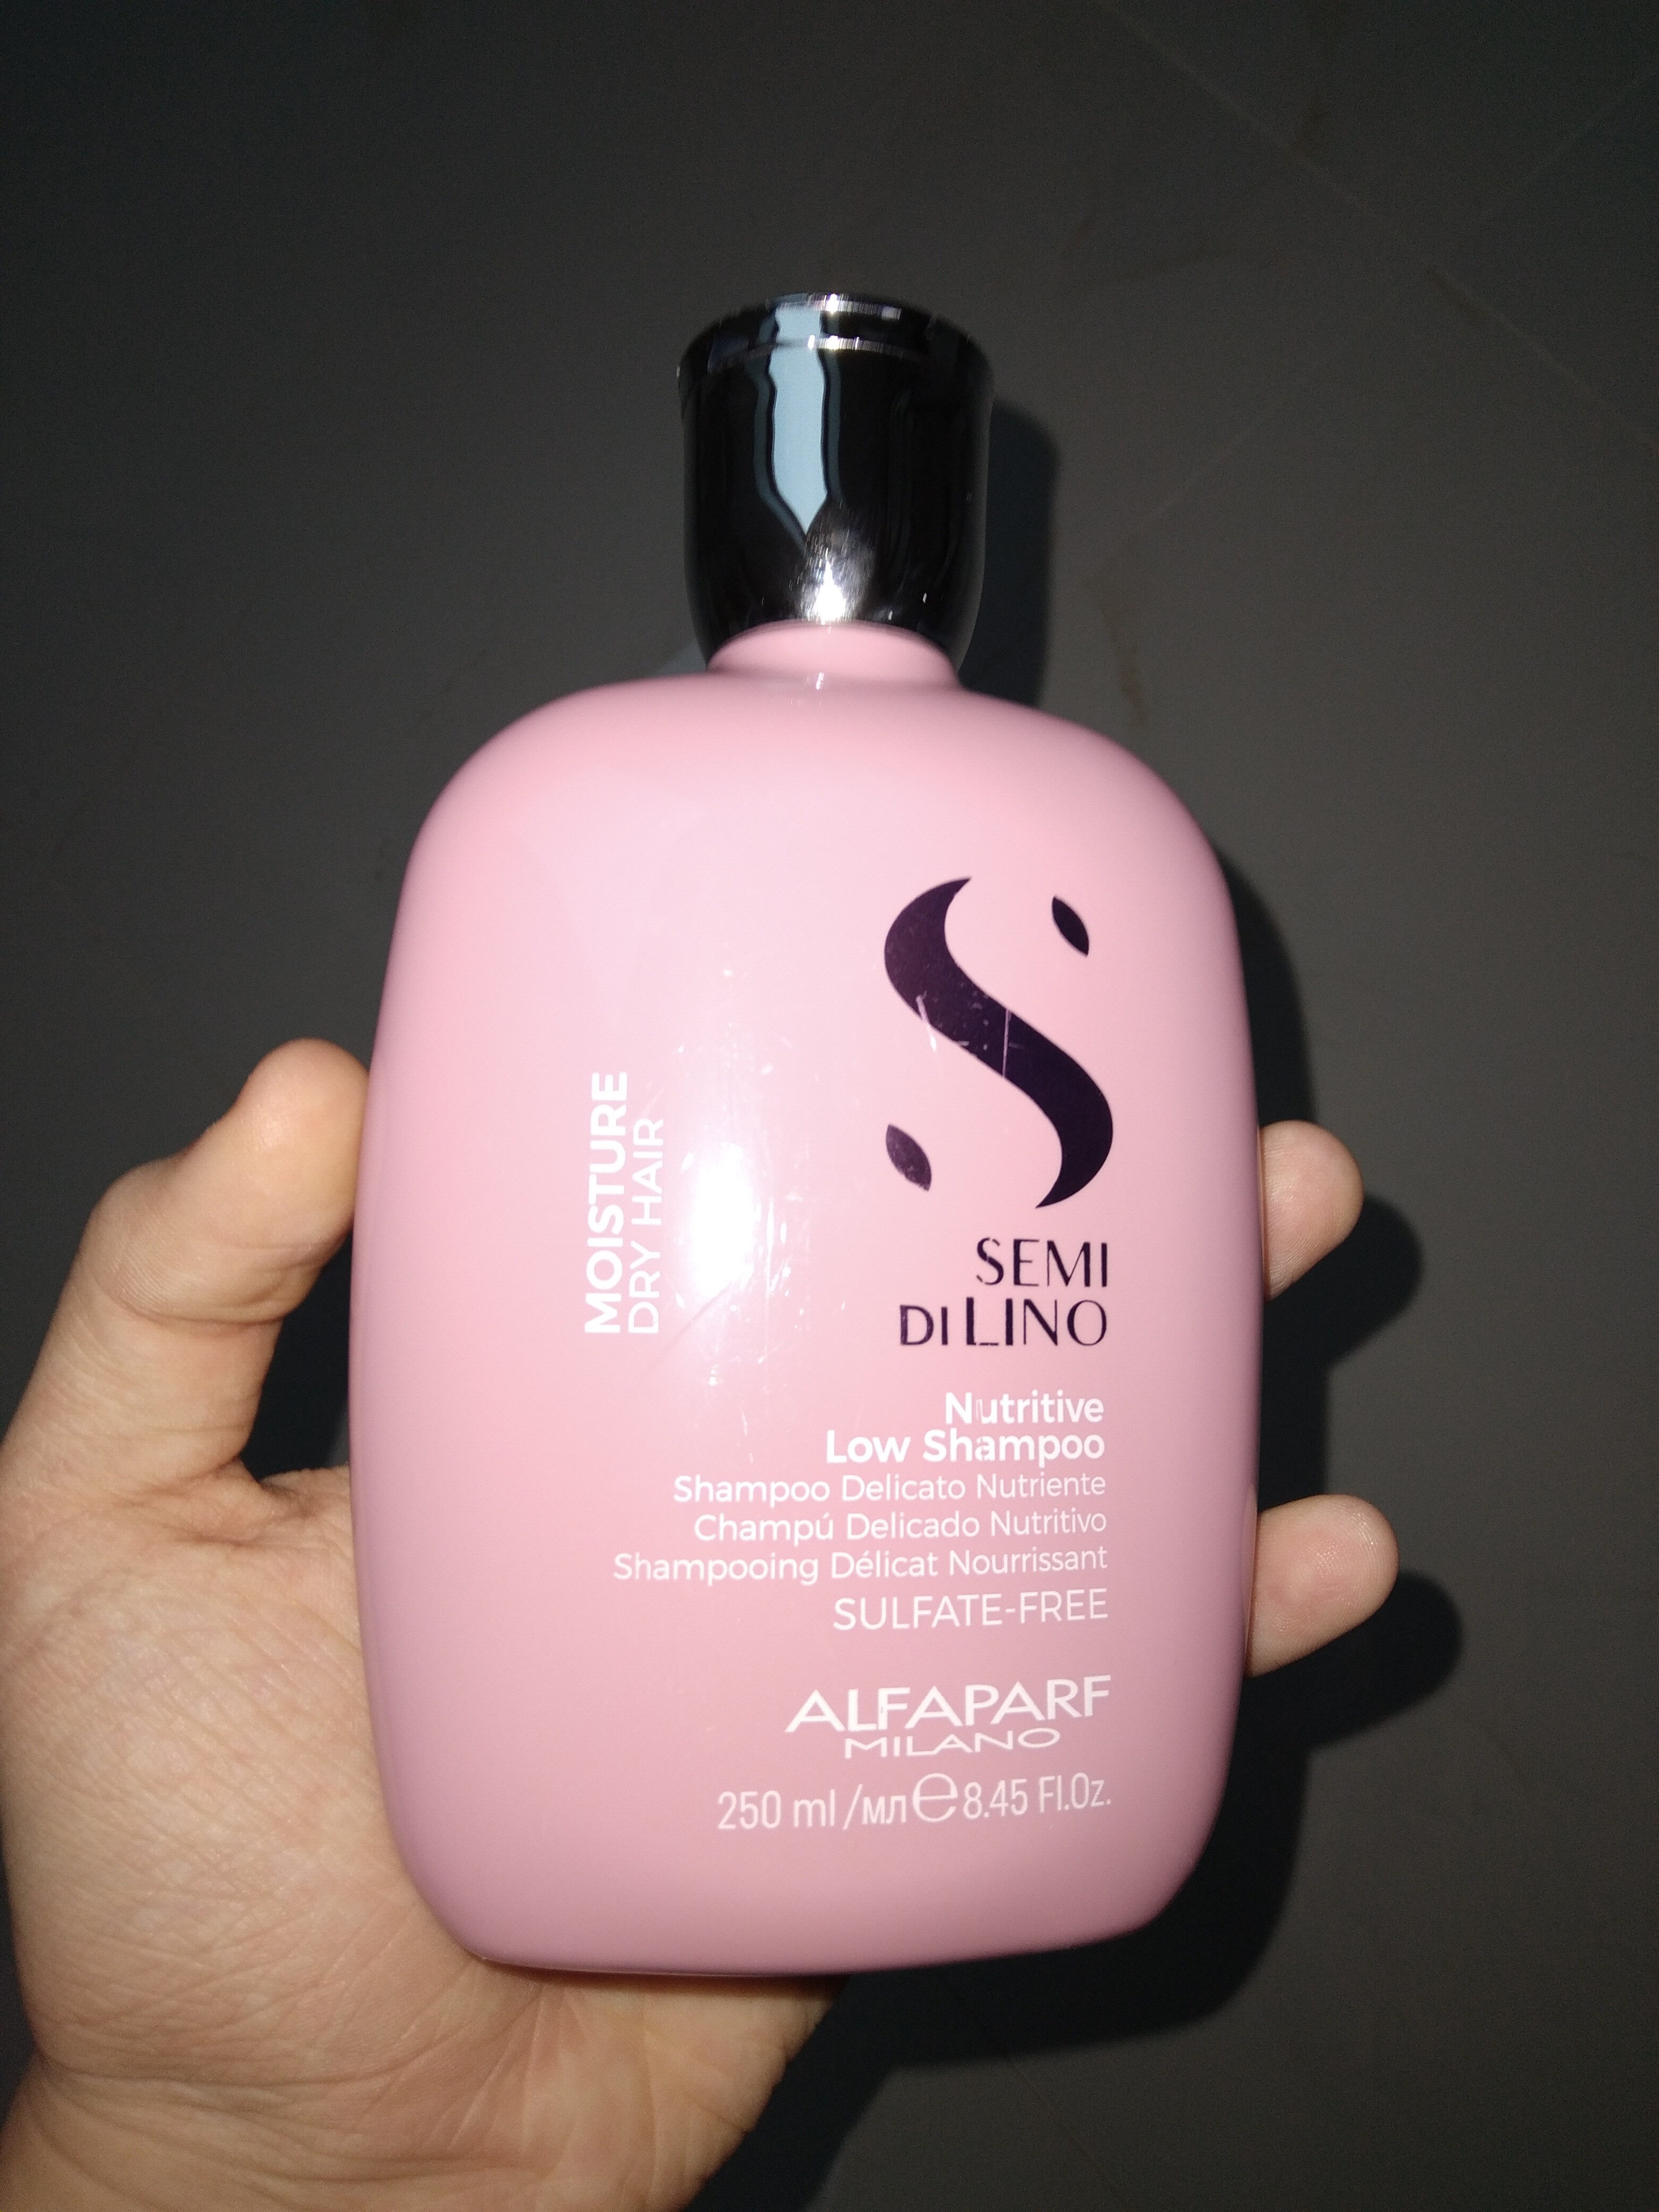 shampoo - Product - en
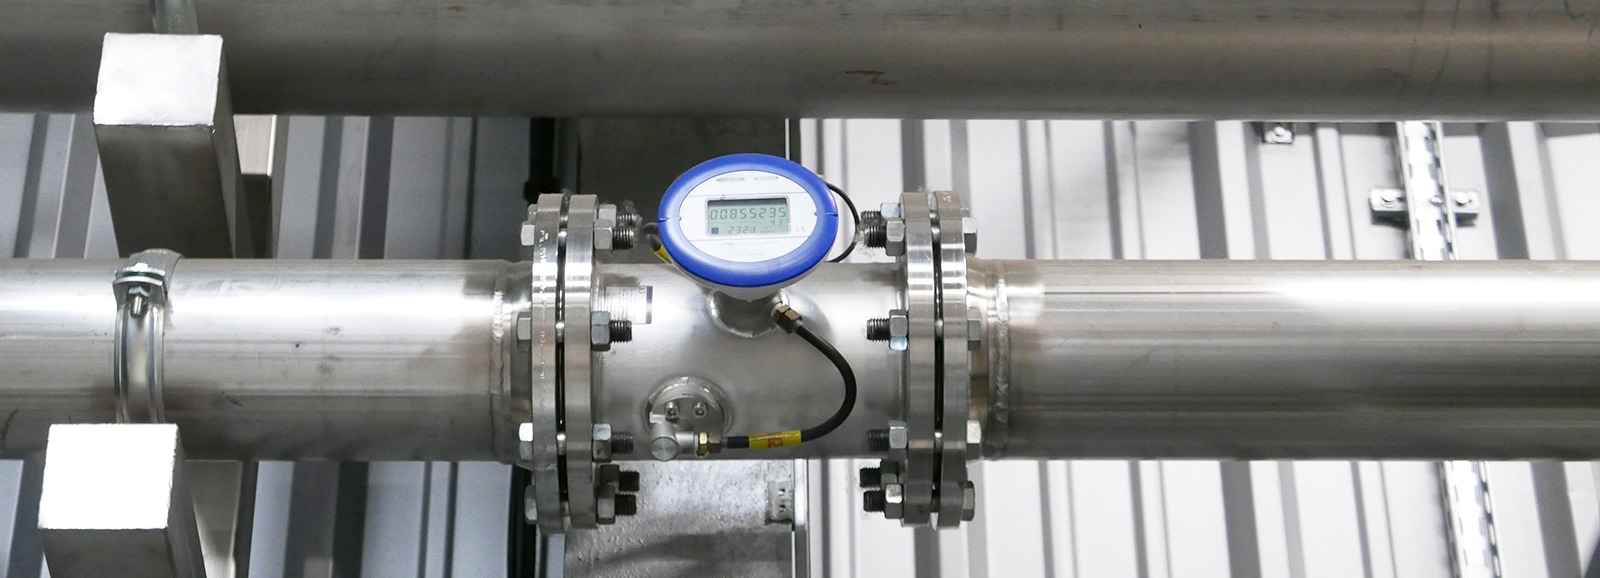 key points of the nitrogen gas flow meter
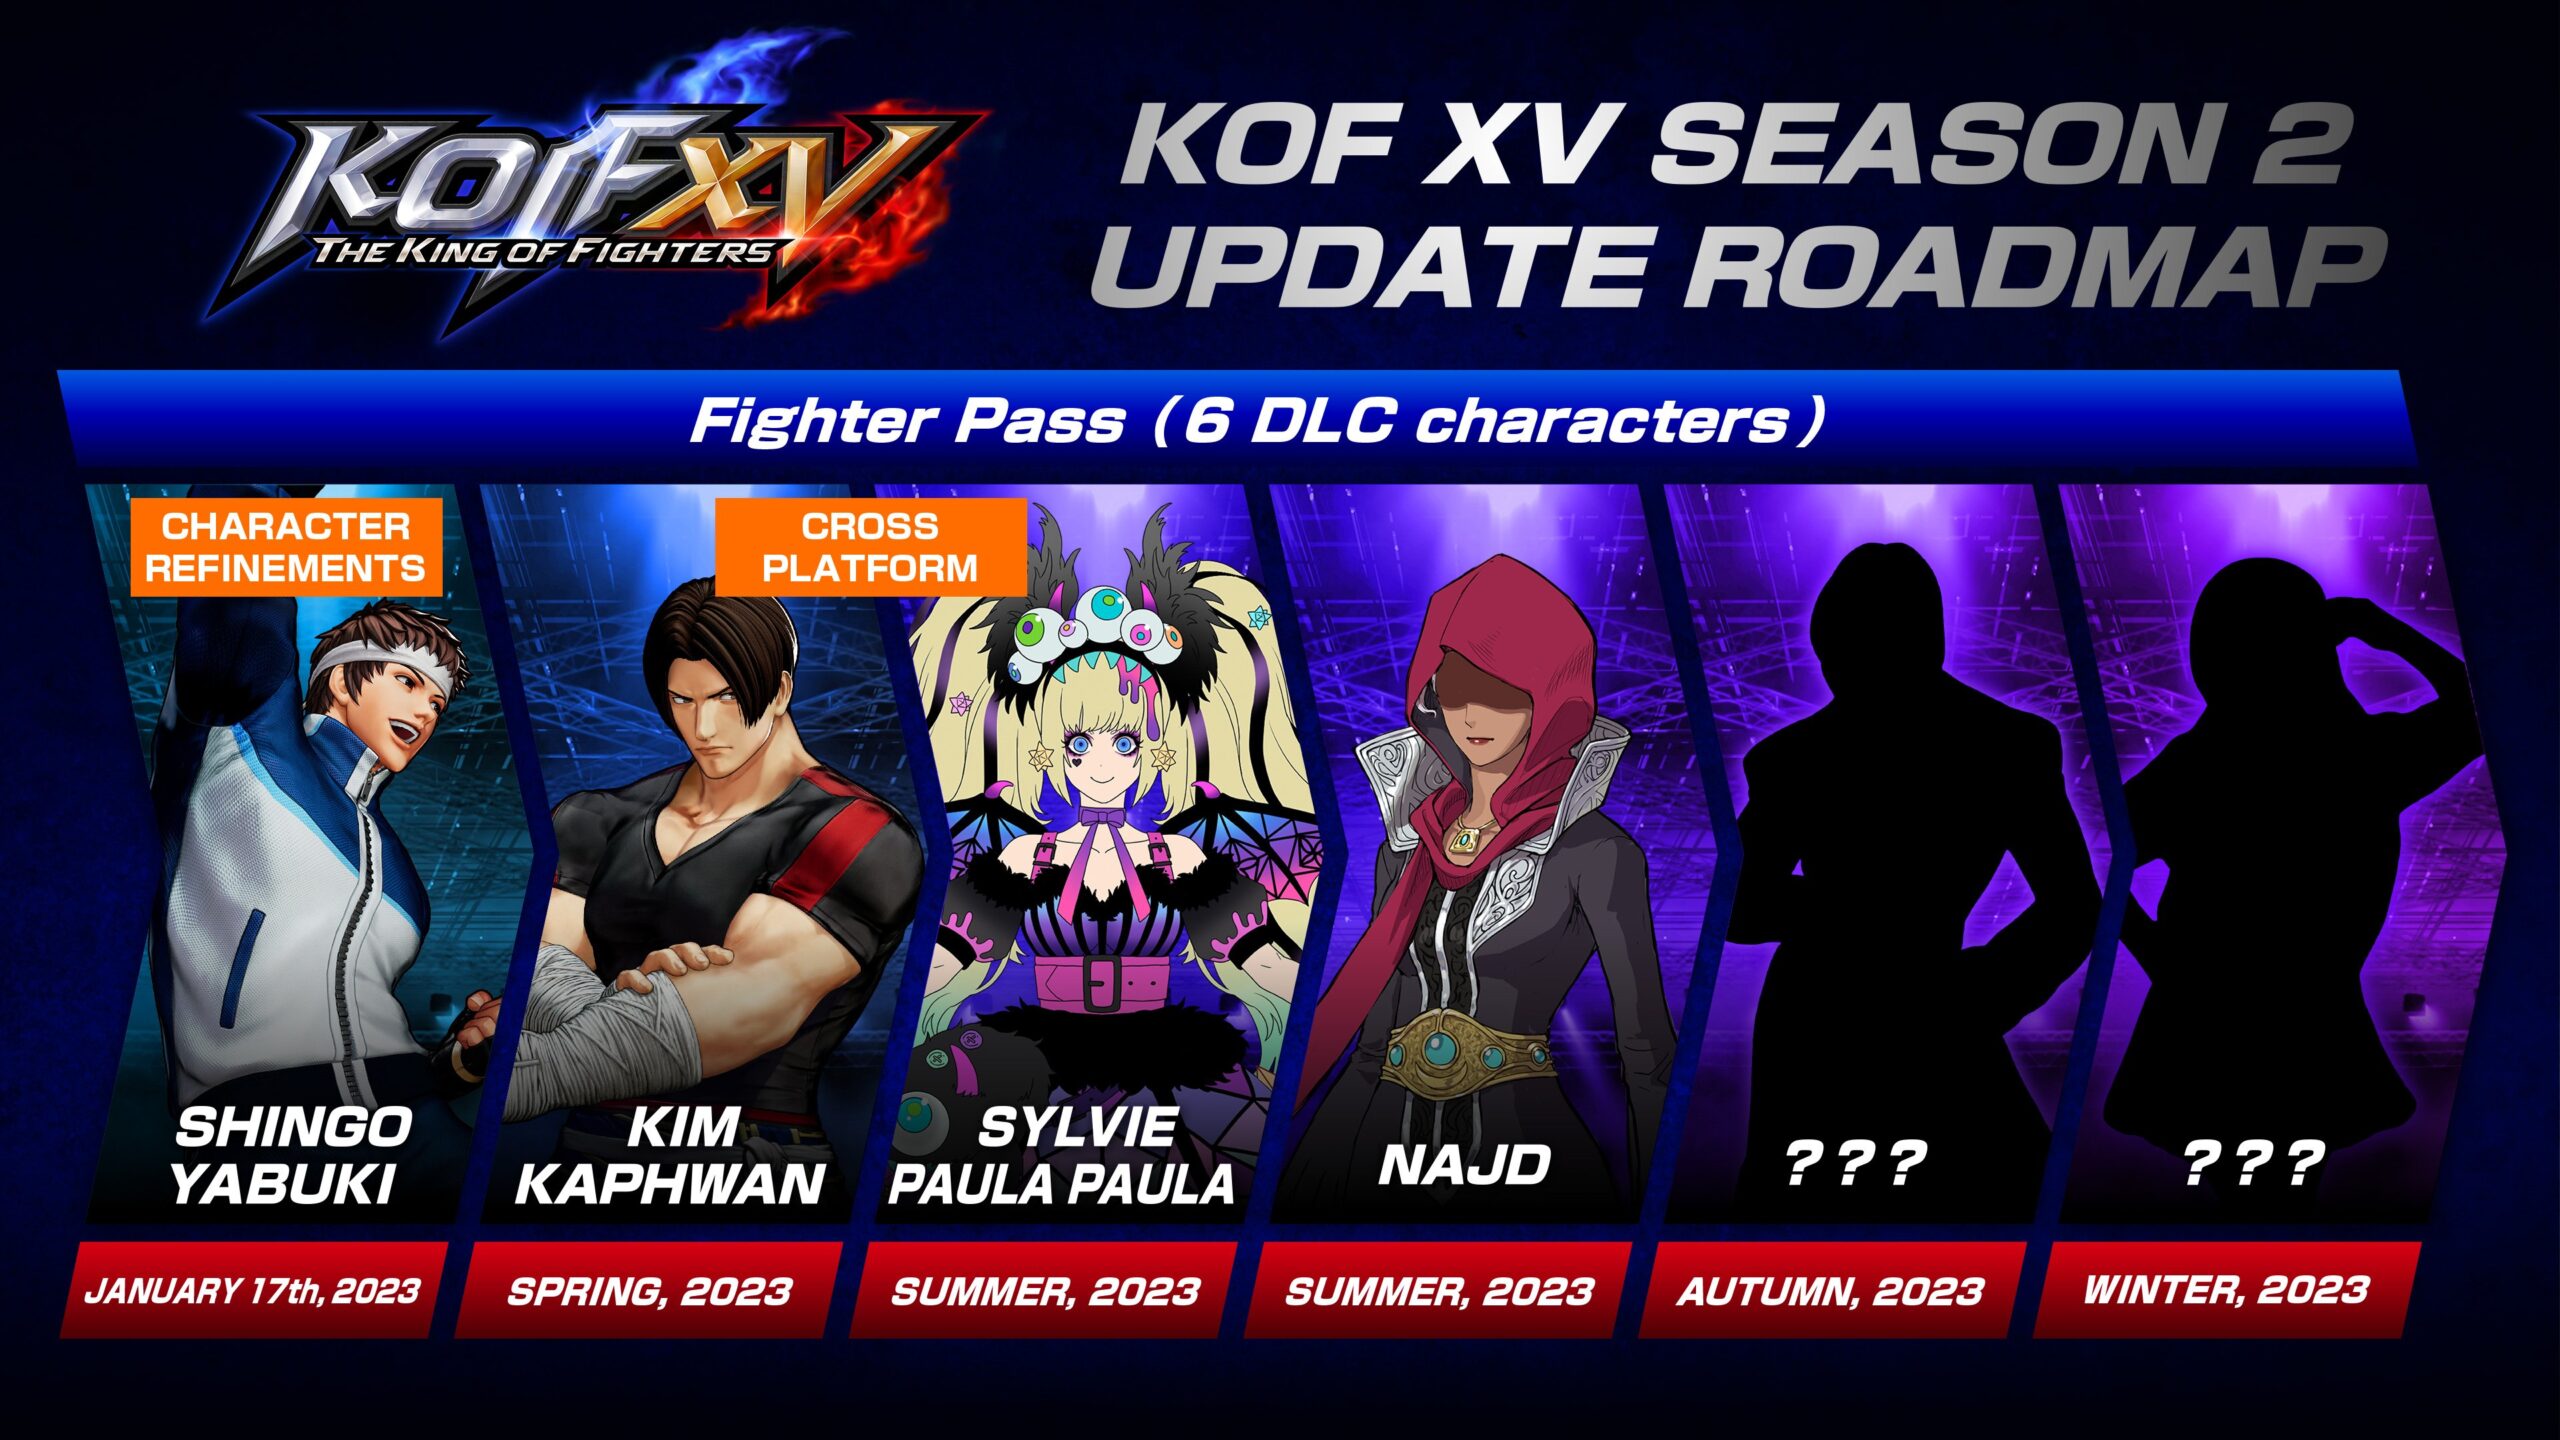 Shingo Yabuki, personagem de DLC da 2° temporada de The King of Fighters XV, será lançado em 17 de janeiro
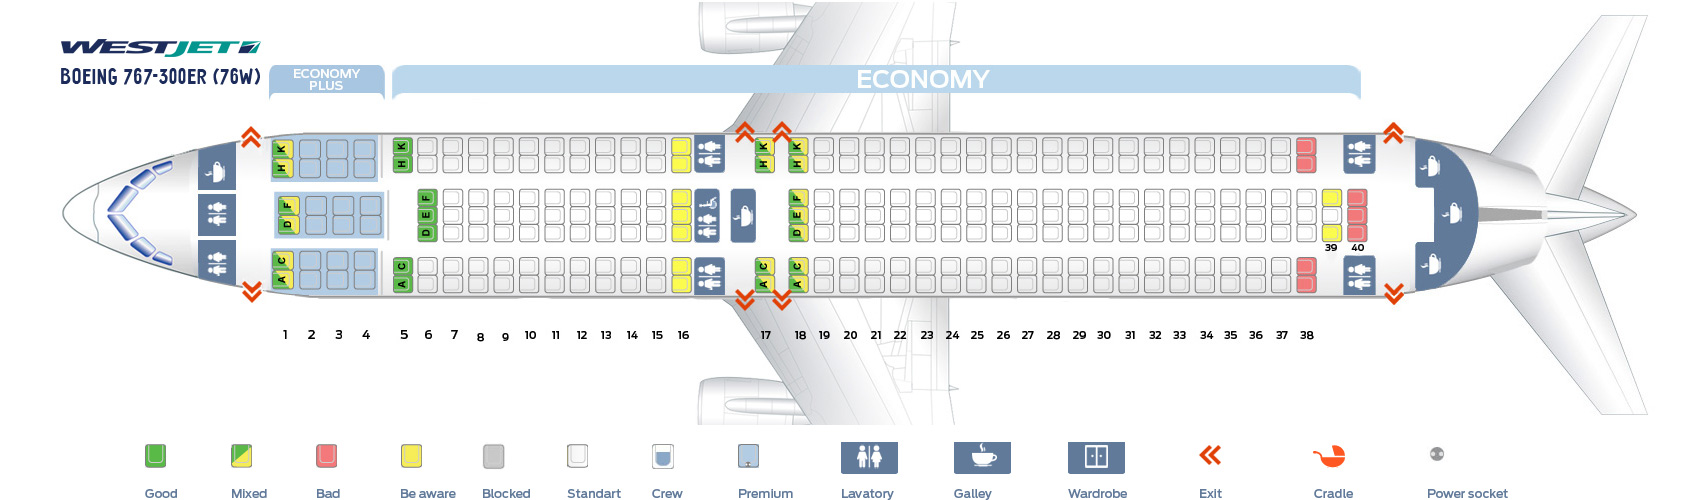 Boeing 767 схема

→ **EXERCISE OBJECTIVE**: Leaving images out, please output every line of the data exactly.

→ **EXERCISE ANSWER**:
 shampoo - Product - en
 key points of the nitrogen gas flow meter
 Shingo Yabuki, personagem de DLC da 2° temporada de The King of Fighters XV, será lançado em 17 de janeiro
 Boeing 767 схема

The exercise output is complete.